DATA PROVIDED:

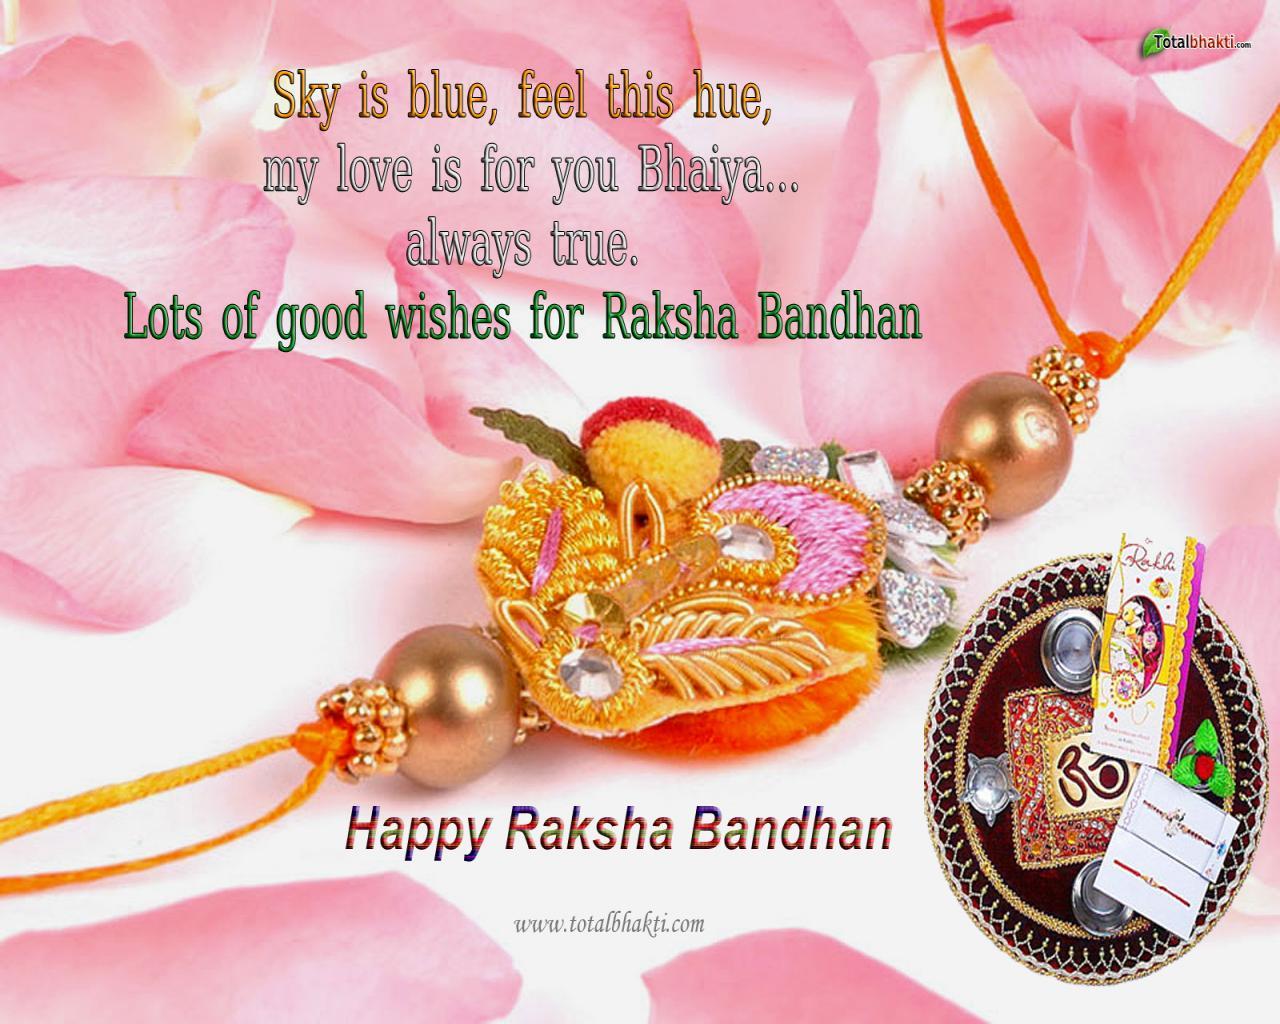 Calendar Raksha Bandhan : Wallpaper world raksha bandhan
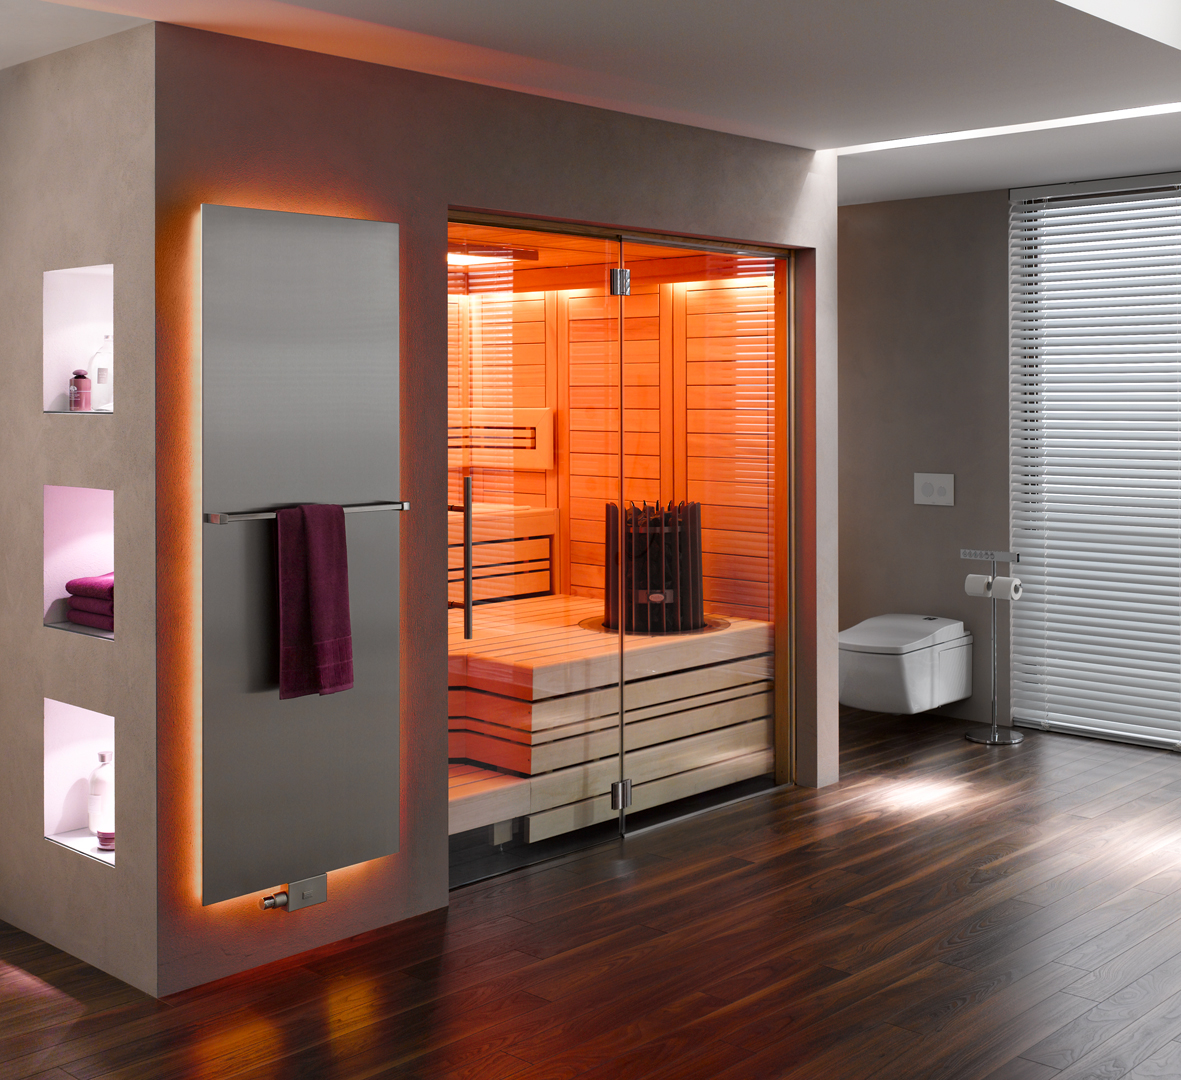 Sauny HELO, infra sauny, typ sauny, výber sauny, predaj sáun, Fisa sauny, Saunabau, parná sauna, wellness, soľná infra sauna, cupreme
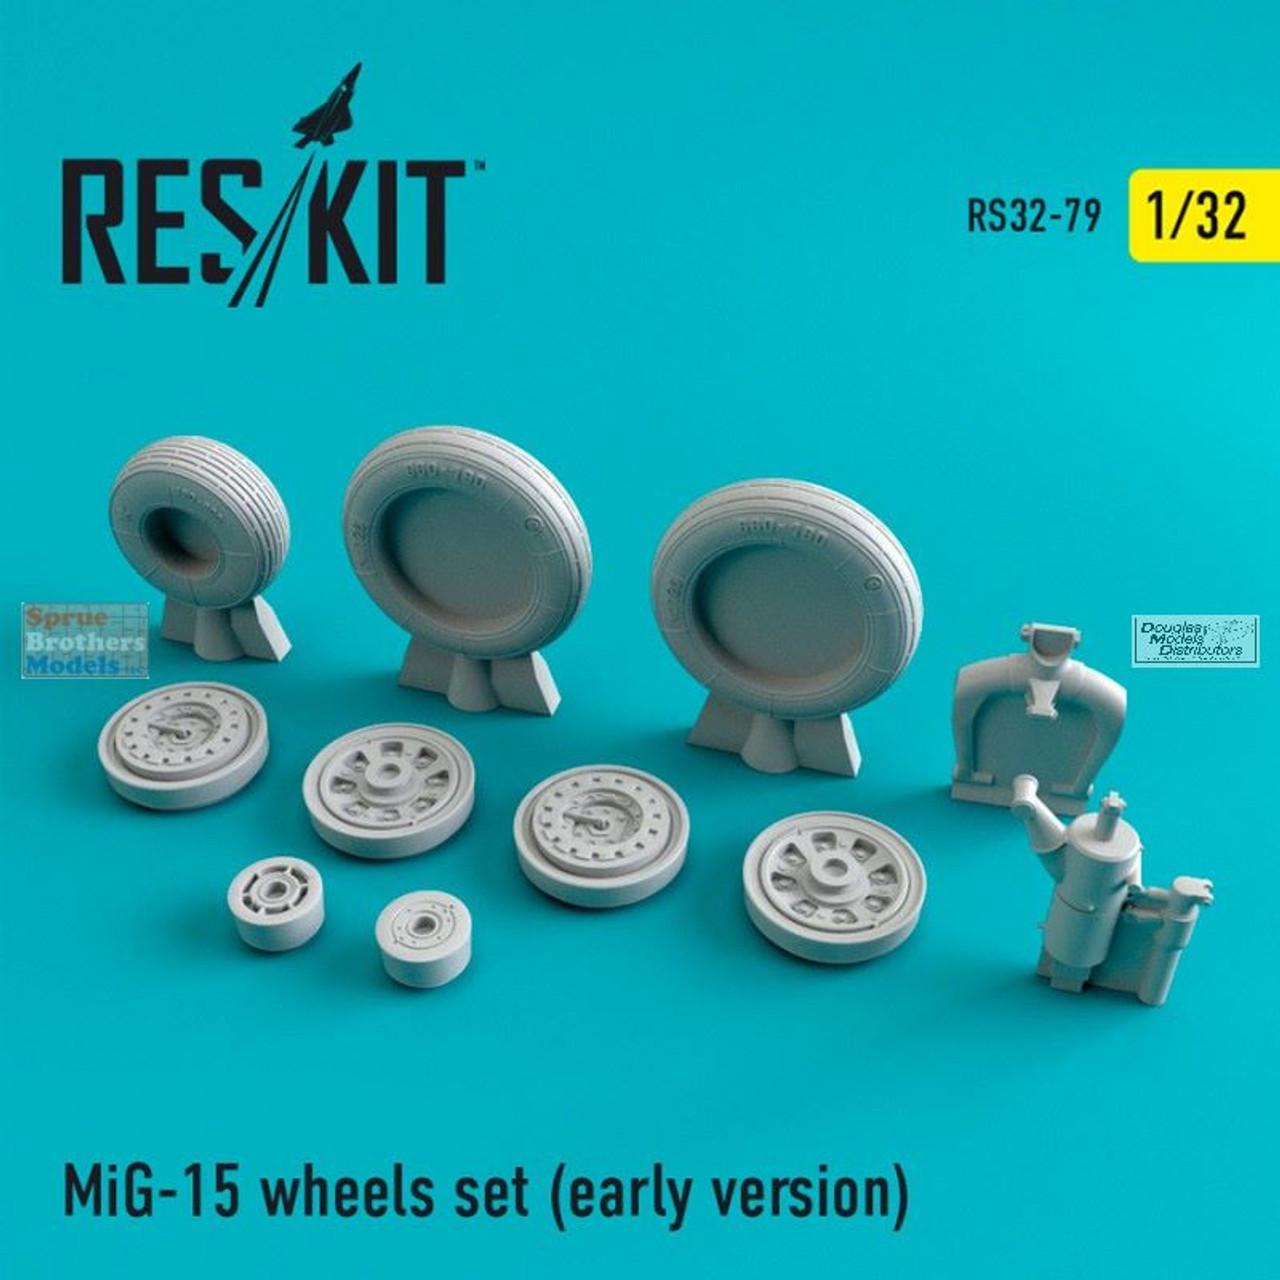 RESRS320079 1:32 ResKit MiG-15 Fagot Early Wheels Set

INSTRUCTIONS TO FOLLOW:
The lines to write out run from the one containing "Sauny HELO, infra" through the final line of the material above, both included; write them out exactly, with no pictures.

ANSWER:
 Sauny HELO, infra sauny, typ sauny, výber sauny, predaj sáun, Fisa sauny, Saunabau, parná sauna, wellness, soľná infra sauna, cupreme
 RESRS320079 1:32 ResKit MiG-15 Fagot Early Wheels Set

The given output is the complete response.